For other details on this room, read my Industrial Farmhouse Home School Room post.



  1. I love the shiplap walls! I’m trying to figure out what the underlayment is. How thin is the board? It looks awesome! Thanks for sharing!

    1. Heidi @ Honeybear Lane says:

      It’s about 1/4″ thick. It’s like a cheap plywood sometimes with a wood veneer over it. If you can’t find it, just ask someone at the store because it’s not always around the regular plywood. Good luck!

    1. Melise Newton says:

      Did you put this shiplap on top of the existing Sheetrock? I’d like to do this, but I am not sure if I can put it over Sheetrock or if I’d have to tear out the Sheetrock first.

      1. Heidi @ Honeybear Lane says:

        Yes, I did it over the drywall. The shiplap is just thin plywood so you definitely need something under it.

  2. Just gorgeous. I think I may try this, though the jigsaw part scares me a little! Thanks for this helpful post. 🙂

    1. Heidi @ Honeybear Lane says:

      Just practice on some scrap wood to get the hang of it. You can do it!

      1. You say 6″ strips do you mean 6′ strips? 6″ would not let you nail between studs

        1. Heidi @ Honeybear Lane says:

          No I mean 6″ strips cut from a sheet so they are 8 feet long. The planks lay horizontally on the wall so you can nail into the studs every 16″ where the studs will be (use a stud finder to check.)

  3. What brand, color, and sheen of paint did you use?

  4. The ship lap looks great but I am more interested in the desktop. How did you do that?

    1. Heidi @ Honeybear Lane says:

      There is a tutorial for the desktop as well!

  5. Jennifer K says:

    Do you feel this can be done in a bathroom or will it become warped due to moisture? thank you!

    1. Heidi @ Honeybear Lane says:

      I think you can do it in a bathroom but make sure you use real wood, nothing like particle board, mdf, or chipboard.
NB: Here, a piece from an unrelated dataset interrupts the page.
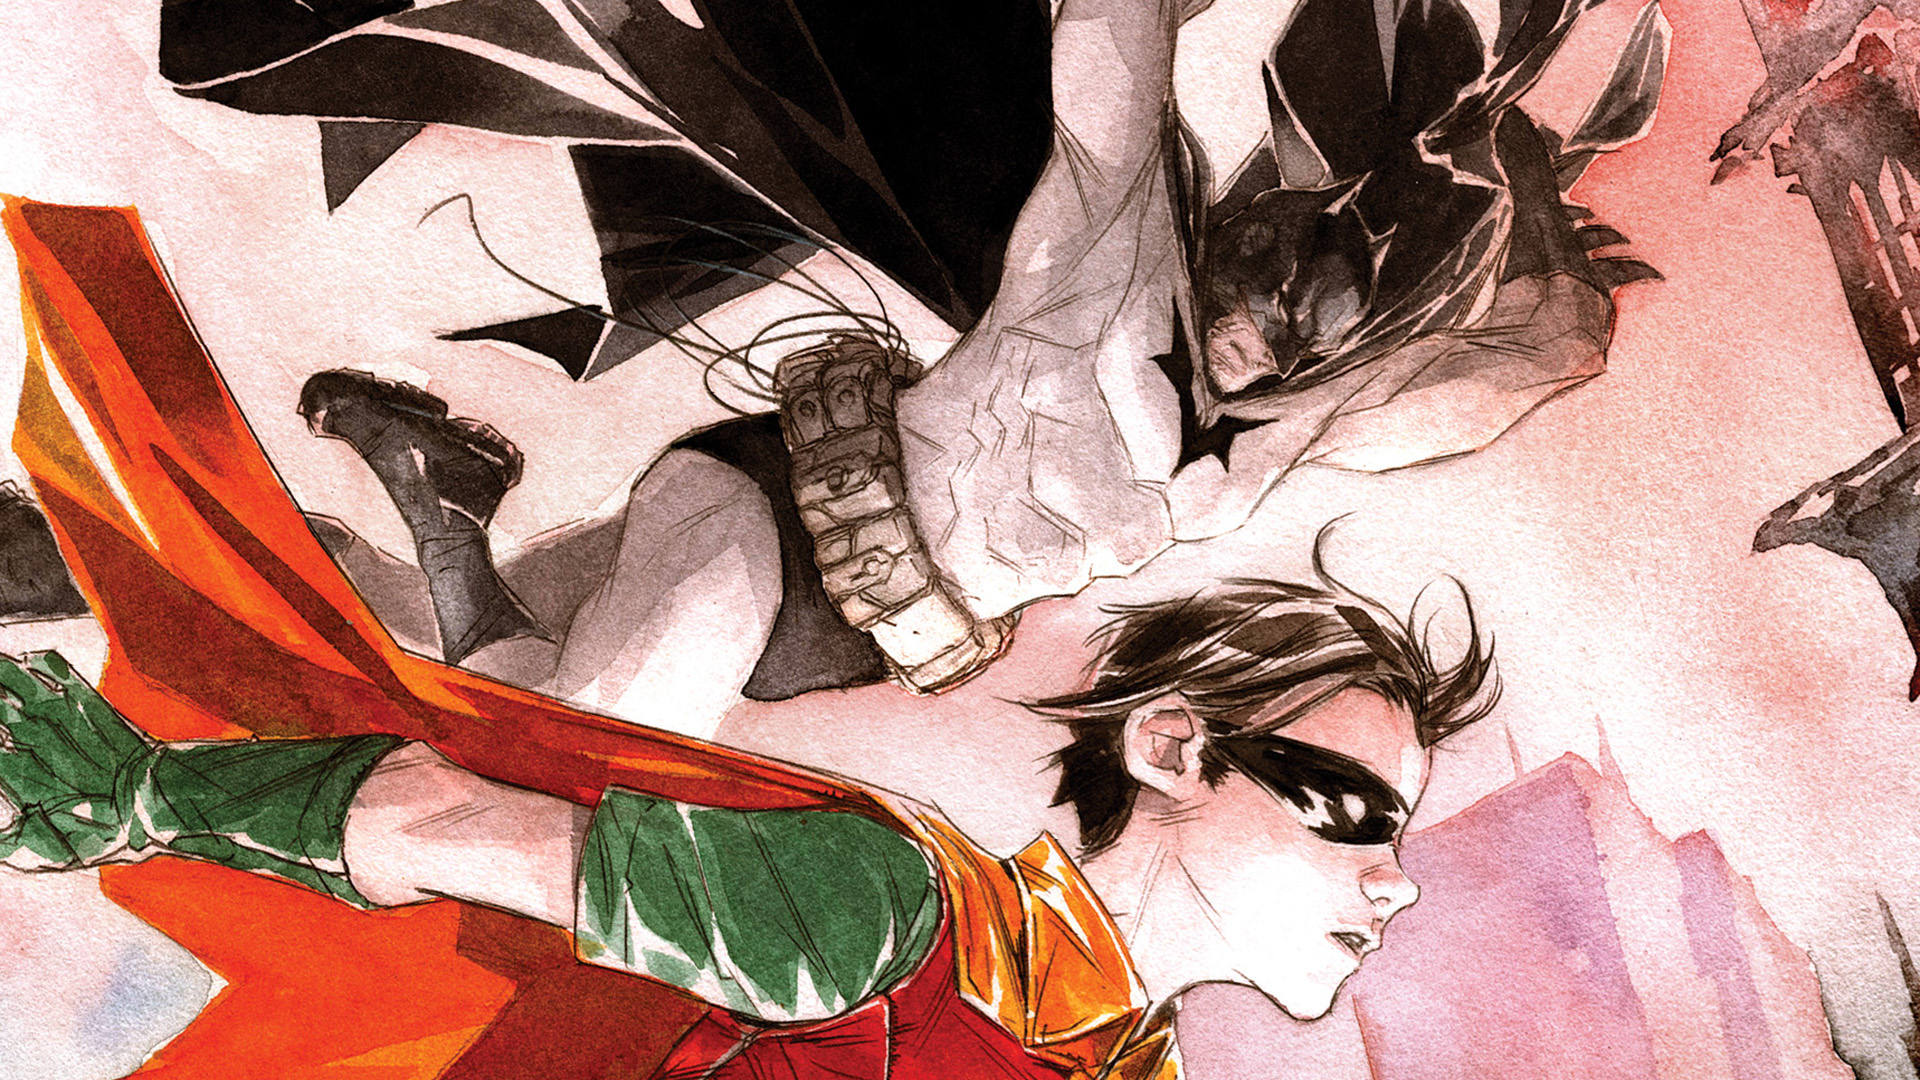 Robin ve Batman #1

If you’re worried about warping, you can also use an oil-based primer, I think they even make some specifically to keep moisture out.

  6. Kay Williams says:

    I love the desk, how did you do it ?

    1. Heidi @ Honeybear Lane says:

      I have a tutorial for that as well! Looks like I need to add the link on this post, thanks!

  7. This is so gorgeous! I would love to try this in the master bedroom!

  8. Any suggestions on how to secure the boards to a plaster wall versus a drywall?

    1. Heidi @ Honeybear Lane says:

      Hmm…I am not sure because I don’t have any experience with plaster. I would only suggest trying to nail it into studs as well and maybe using glue if the nails aren’t working as securely. Good luck!

      1. One way to go do it on plaster is to put up furring strips first going vertical , using good anchors. Space then 16 inches on center apart.

        The only other way I know would Be to use liquid nails and and a Brad nailed, the Brad nails would hold it tigh until the glue dried.

  9. I have not seen shiplap above a chair rail. The top
    portion is in bad shape from layers of wallpaper. I was wondering how it would look to do the shiplap look on top and use the wallpaper on the botto. It’s a geometric designed paper, arabesque? The other option would be to leave the wall under the chair rail painted and paper the ceiling. What do you think? Thanks.

  10. Benjamin Dillalogue says:

    How did you get the alternating seams? I have the boards cut and they are each 8′. Should I cut them in smaller peices to acheive that? What size did you get them in?

    1. Heidi @ Honeybear Lane says:

      Yes, once you cut your first row of boards, you can use the cut pieces to start to create alternating sizes. You definitely need to try for alternating seams because it will look bad otherwise.

  11. What are your wall measurements? Lowe’s said we would need 12 sheets for a 10.5 foot wall..which made it much more than $50.00

    1. Heidi @ Honeybear Lane says:

      That seems like a lot. I don’t remember the wall measurements (this wasn’t my own house) but I feel like we got maybe 8 sheets? Either way we purchased the underlayment which is only about $14 a sheet making it much cheaper.